May 17, 2017 - The Vancouver Fraser Port Authority and Fraser Surrey Docks are in front of a Federal Court this week following the approval of permit to build and operate a coal transfer facility.


Environmental groups, along with several municipalities, have been fighting the proposal for nearly five years.


Voters Taking Action on Climate Change Director Kevin Washbrook says decision making at the port is “fundamentally broken.”


“There’s this built-in conflict in the Port in the fact that it’s a regulator, acting in the public interest, and a landlord that is approving projects that it funds its operations through. And when we learn that the Port was reporting our activities to the coal lobby and hiding its sponsorship of coal lobby industry events, we really started to wonder whose interest the Port was looking out for.”


Karen Campbell, a lawyer for Ecojustice, says the question of the coal facility comes down to Canada’s climate change commitments.


“I mean the truth is this is dirty coal from the United States that’s really just being shipped through Canada for export to Asia. Whether that should continue I think is pretty clear. We don’t need to be shipping dirty coal through Canada.”

 

Fraser Surrey Docks


She says they’re asking the court to send the project back to the drawing board and resubmit it through a process that meets fair requirements.


The port authority refused to comment on the matter noting it is still under judicial review.

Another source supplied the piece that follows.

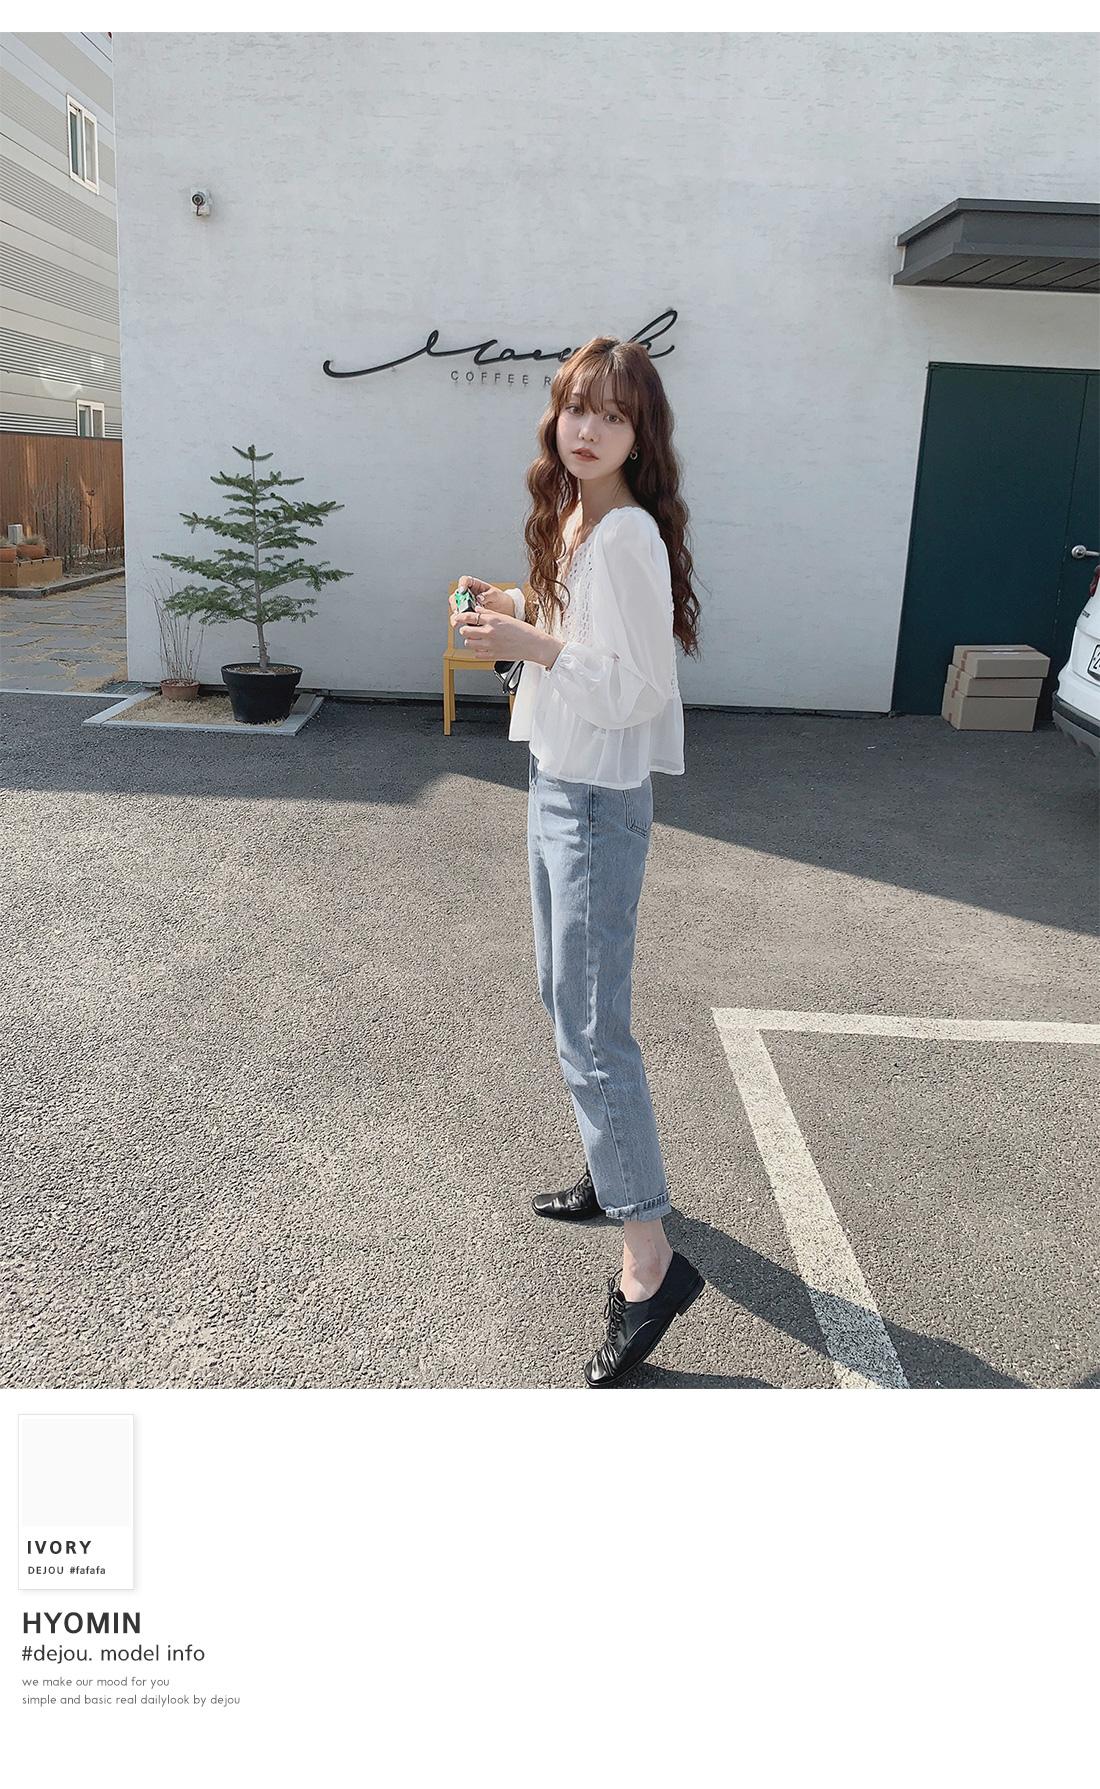 韓国 ファッション トップス ブラウス シャツ 春 夏 カジュアル PTXJ753  透かし編みニット シアー ドッキング ペプラム オルチャン シンプル 定番 セレカジの写真4枚目
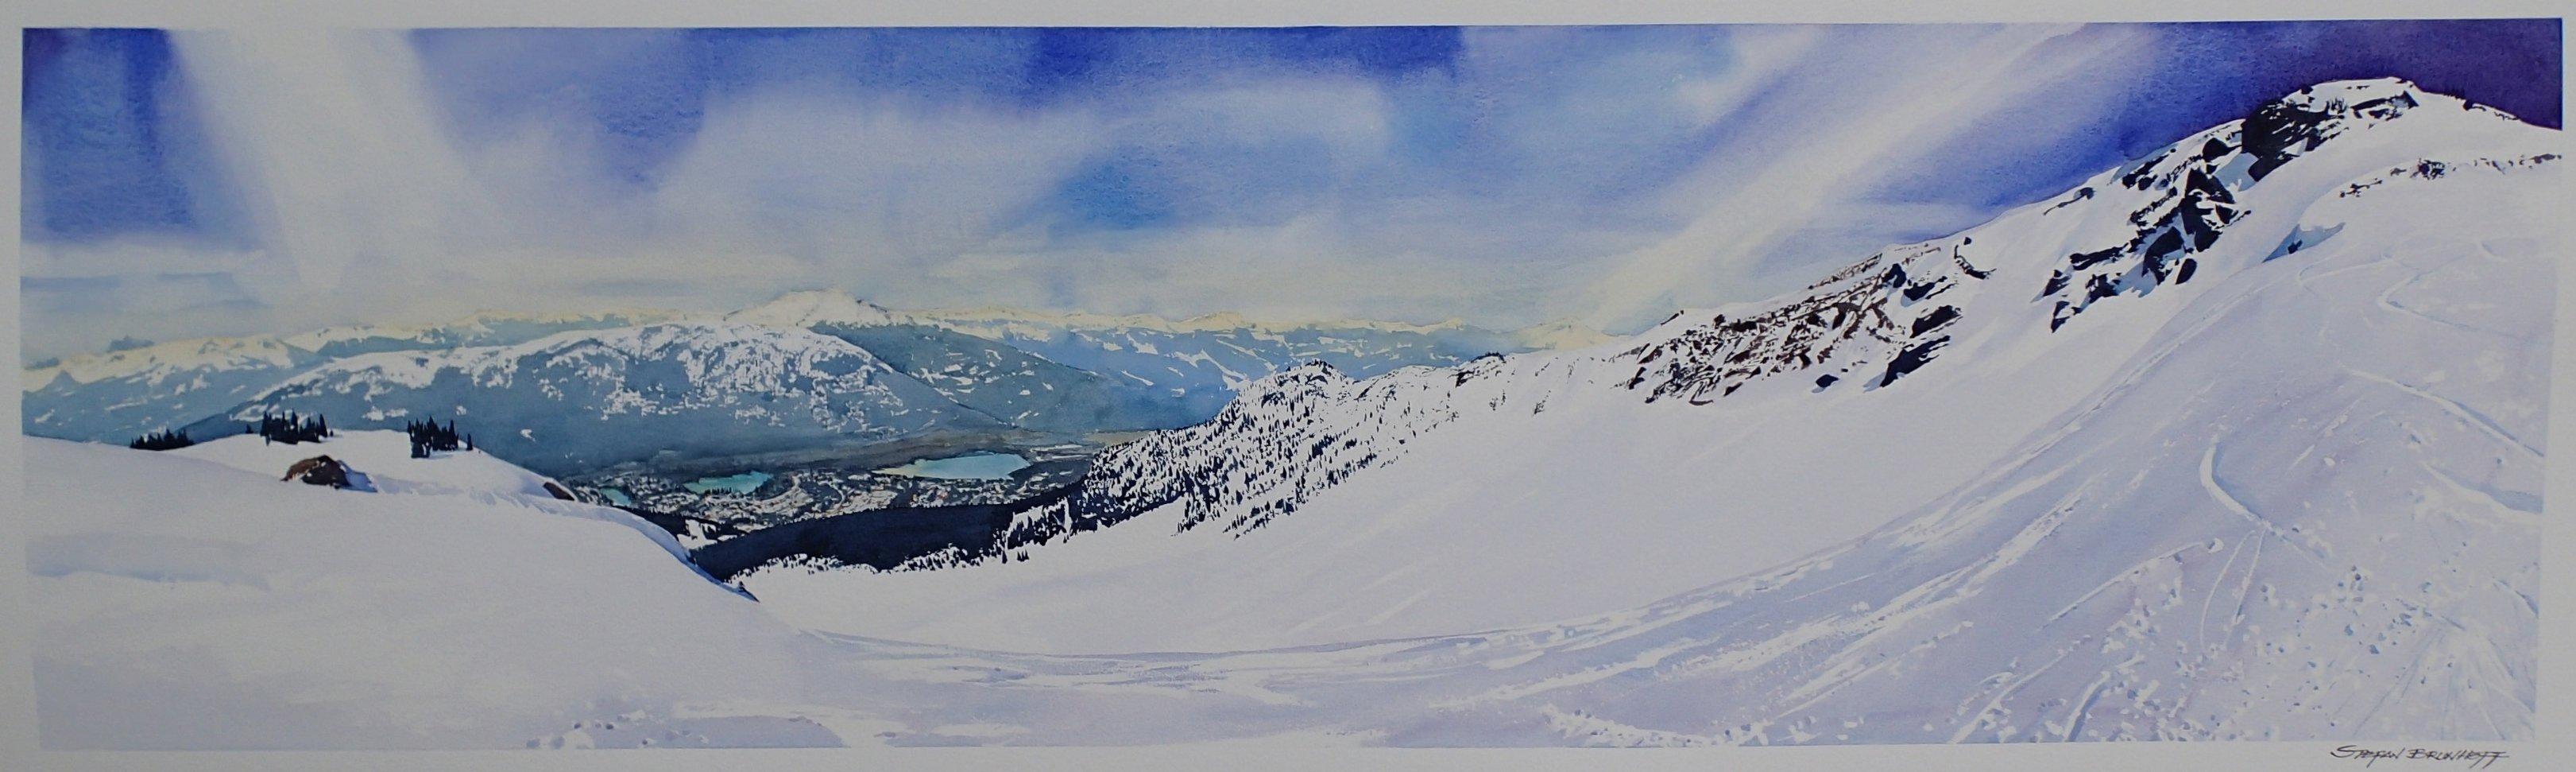 Cockalorum entry, Whistler  (Sold)

Fraser Surrey Docks has yet to respond to our request for comment.


The Port of Vancouver granted Fraser Surrey Docks a Direct Transfer Coal Project Permit back in 2014.


The proposed facility would process up to four-million metric tonnes of coal per year, which would be loaded onto barges and moved to Texada Island, before being shipped internationally.

 

Concerns about the facility have ranged from climate implications of burning the coal at its destination to fears about the impact of coal dust on Metro Vancouver air quality.